Establishment and assessment of the turbidity forecast model

Establishment of a turbidity-forecasting model

We now apply self-organizing nonlinear models for GMDH and SGMDH. The GMDH turbidity forecast model is developed according to the procedure described below. Figure 1 presents a flowchart of turbidity forecasting.
  1. 1.

    Obtain turbidity-related historical data, such as turbidity, rainfall, and discharge, at specific stations.

     
  2. 2.
    Select the input variables.
    1. (1)

      Assume the output variable is Y, which represents the forecast turbidity.

       
    2. (2)

      Assume the input variables are X 1, X 2, X 3,, X m , which represent turbidity, rainfall, discharge, and so on.

       
    3. (3)

      Establish a nonlinear equation Y = f (X 1, X 2,, X m ).

       
     
  3. 3.

    Determine the optimum number of modeling data and variable combinations to establish a forecast model through trial-and-error.

     
  4. 4.

    Establish an input–output relationship with both the GMDH and SGMDH algorithms; derive the model layer-by-layer until optimality is achieved, and then return, layer-by-layer, to the inertial input layer to establish a GMDH or SGMDH forecast equation.

     
  5. 5.

    Input the variables and begin model forecasting.

     
  6. 6.

    Output the forecast results.

     
  7. 7.

    Consider whether there is a temporal impact. If so, a recursive/sequential structure is necessary.

     
  8. 8.

    Generate a final optimum turbidity-forecasting model.

     
Fig. 1

Flowchart of GMDH/SGMDH turbidity-forecasting model construction

Based on the previous step, the output variable of the forecasting model is the turbidity MUD(t) at time t, where t represents the time period.
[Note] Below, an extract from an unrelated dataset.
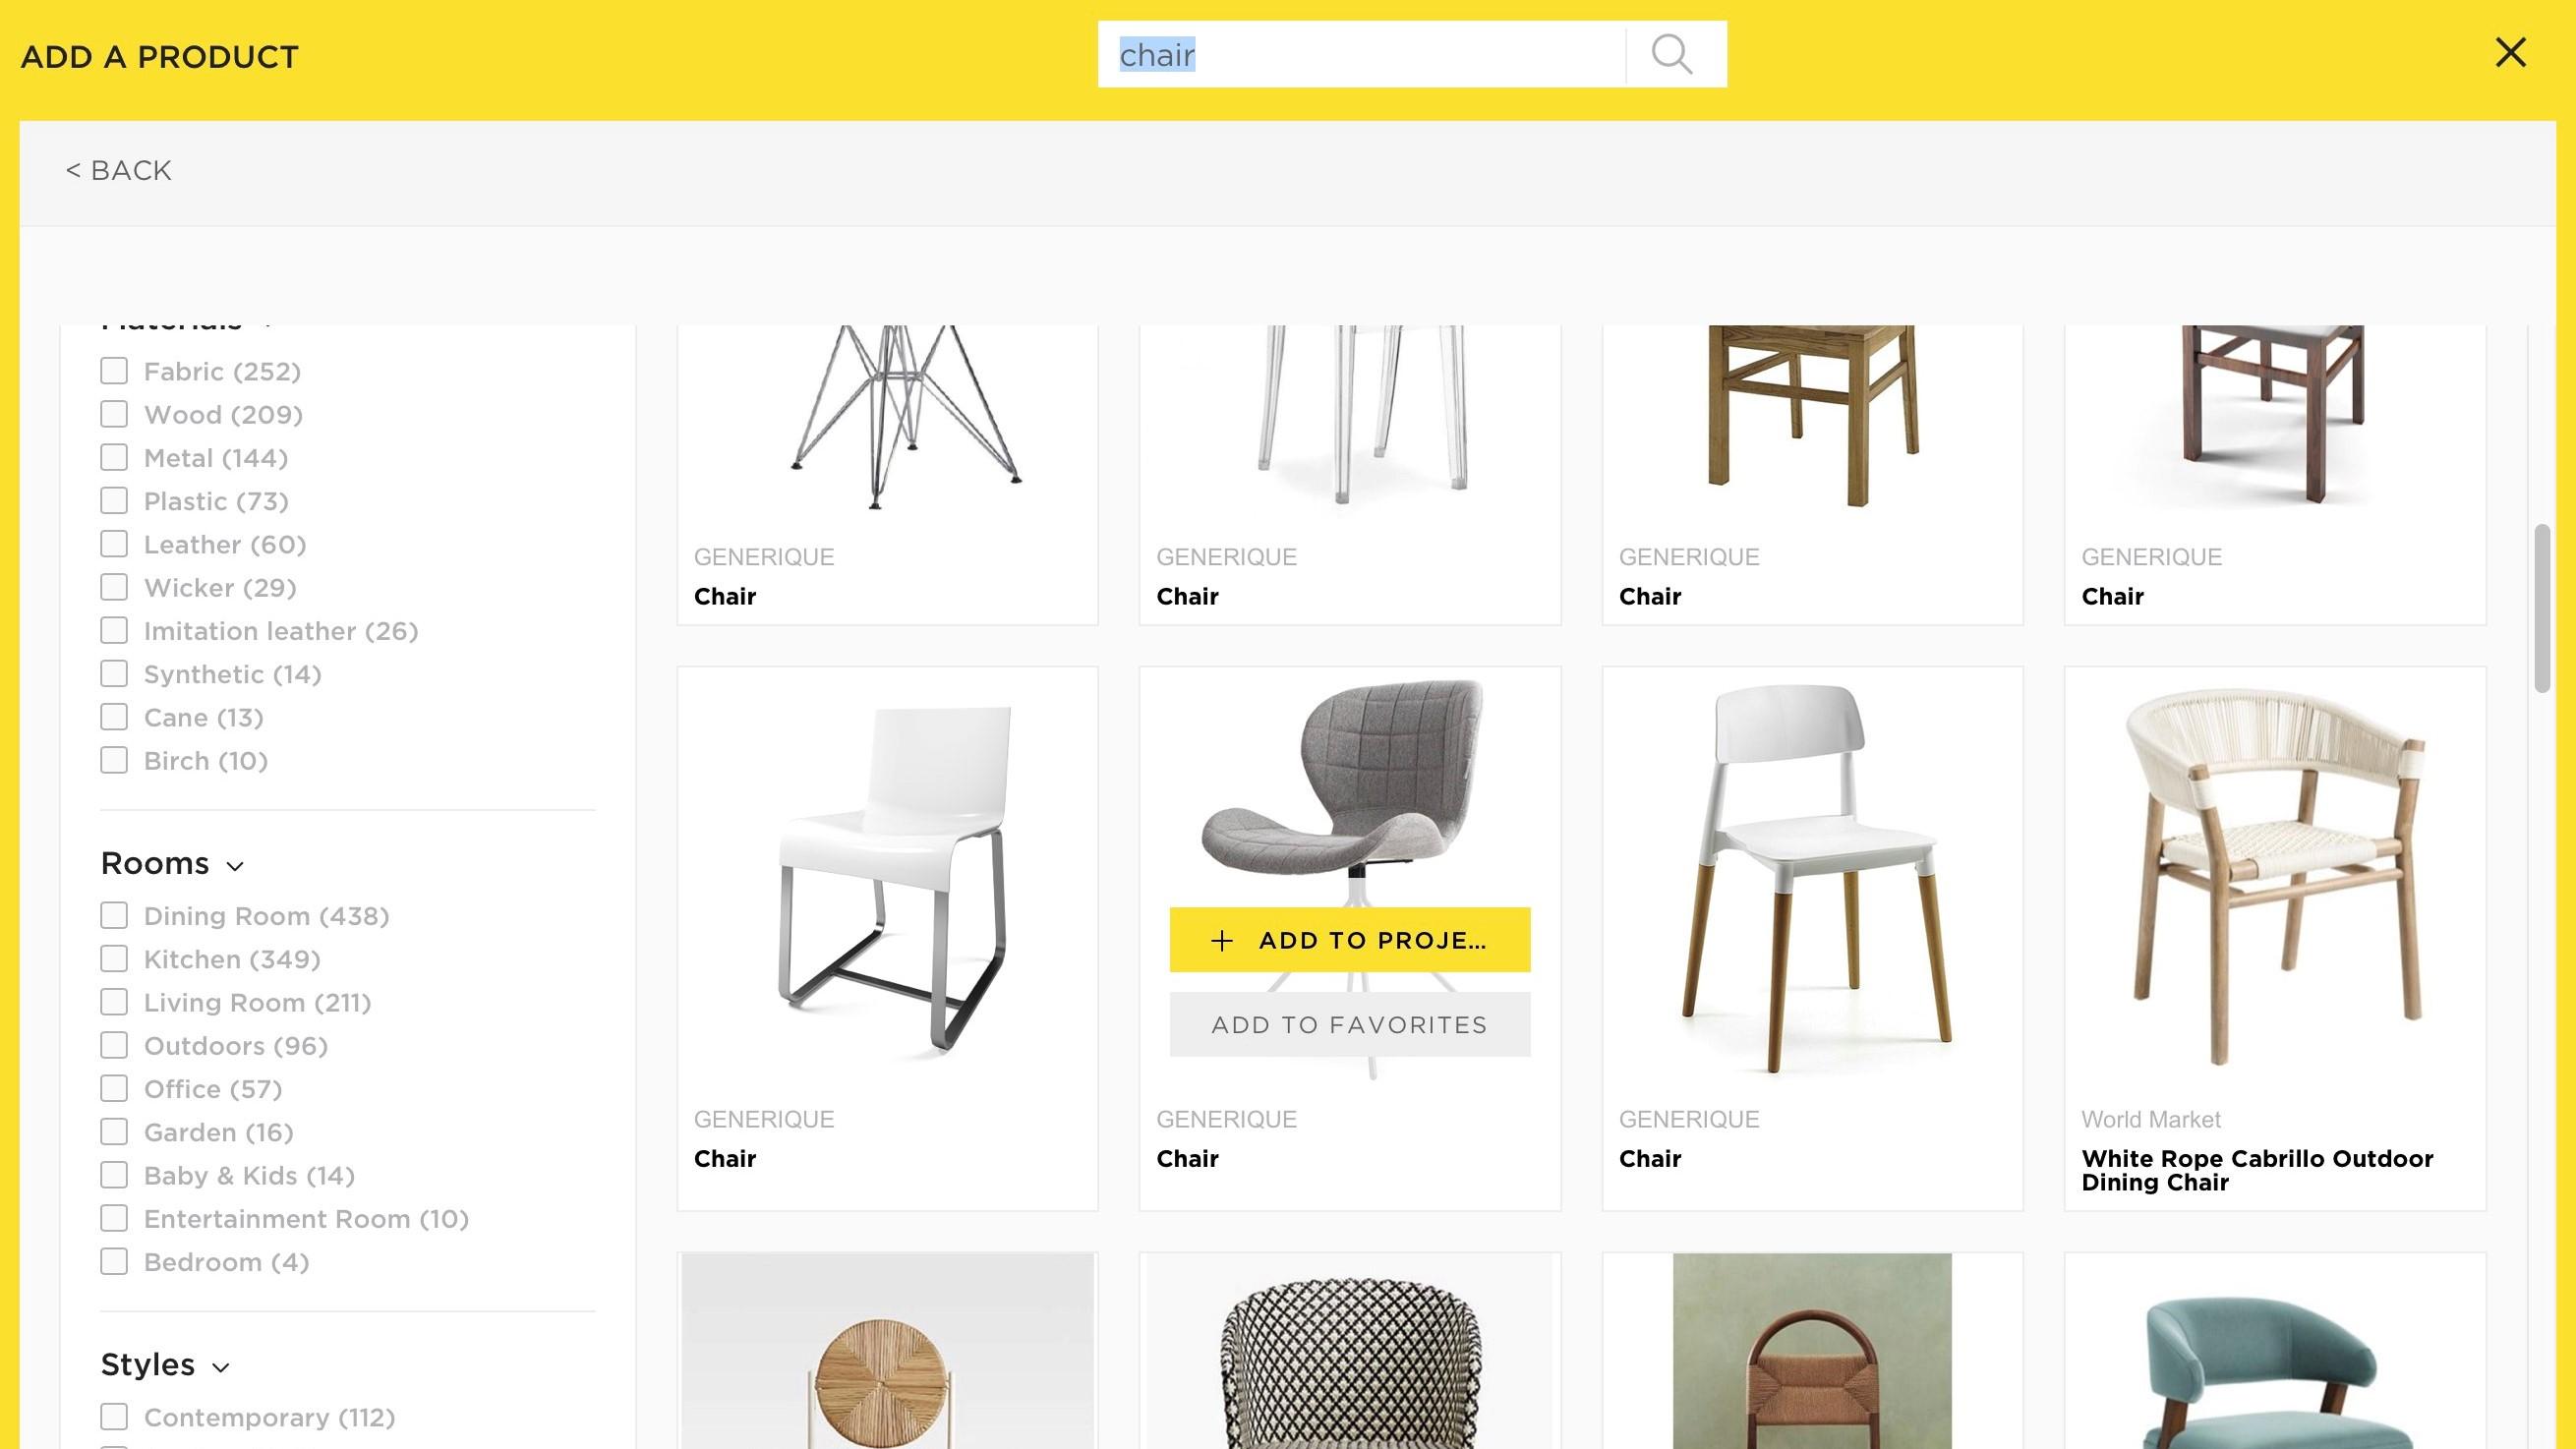 Choose a Chair

The input variables are the daily turbidity T(t−1) ~ T(tm) for the period 1 ~ m, daily rainfall R(t1) ~ R(tn) for the period 1 ~ n, and daily discharge of the Cishan River Q(t1) ~ Q(tk) for the period 1 ~ k. The forecast relation is presented below:
$${\text{MUD}}(t )= F(T(t - 1),T(t - 2), \ldots ,T(t - m),R(t - 1),R(t - 2), \, \ldots ,R(t - n),Q(t - 1), \, Q(t - 2), \ldots ,Q(t - k)).$$
(5)

Model efficiency evaluation

The model can be evaluated by comparing its predictions to the measured values. The efficiency of the model is evaluated using the root mean square error (RMSE) and the coefficient of correlation (CC):
$${\text{RMSE}} = \sqrt {\frac{{\sum\nolimits_{T = 1}^{N} {\left( {X_{T} - \hat{X}_{T} } \right)^{2} } }}{N}}$$
(6)
$${\text{CC}} = \frac{{\sum\nolimits_{T = 1}^{N} {\left( {X_{T} - \bar{X}} \right)\left( {\hat{X}_{T} - \bar{\hat{X}}} \right)} }}{{\sqrt {\sum\nolimits_{T = 1}^{N} {\left( {X_{T} - \bar{X}} \right)^{2} } \sum\nolimits_{T = 1}^{N} {\left( {\hat{X}_{T} - \bar{\hat{X}}} \right)^{2} } } }},$$
(7)
where \(X_{T}\) is the observed value, \(\hat{X}_{T}\) is the predicted value, \(\bar{X}\) is the mean observed value, \(\bar{\hat{X}}\) is the mean predicted value, and N represents the total number of observations in the data set. RMSE values approaching 0 and CC values approaching 1 signify better forecast performance.

Case studies

In this section, we compare the results given by our forecast model with real-world data. We first describe the study area and the data set used for comparison; then, we present the forecast results and evaluate the model’s performance.

Study area description

Nanhua Reservoir is located 40 km northeast of Tainan, Taiwan, and approximately 15 km south of the Tseng-Wen Reservoir. Its catchment area is approximately 104 km2. Figure 2 illustrates the reservoir location.
Fig. 2

Position of the study area (Nanhua Reservoir)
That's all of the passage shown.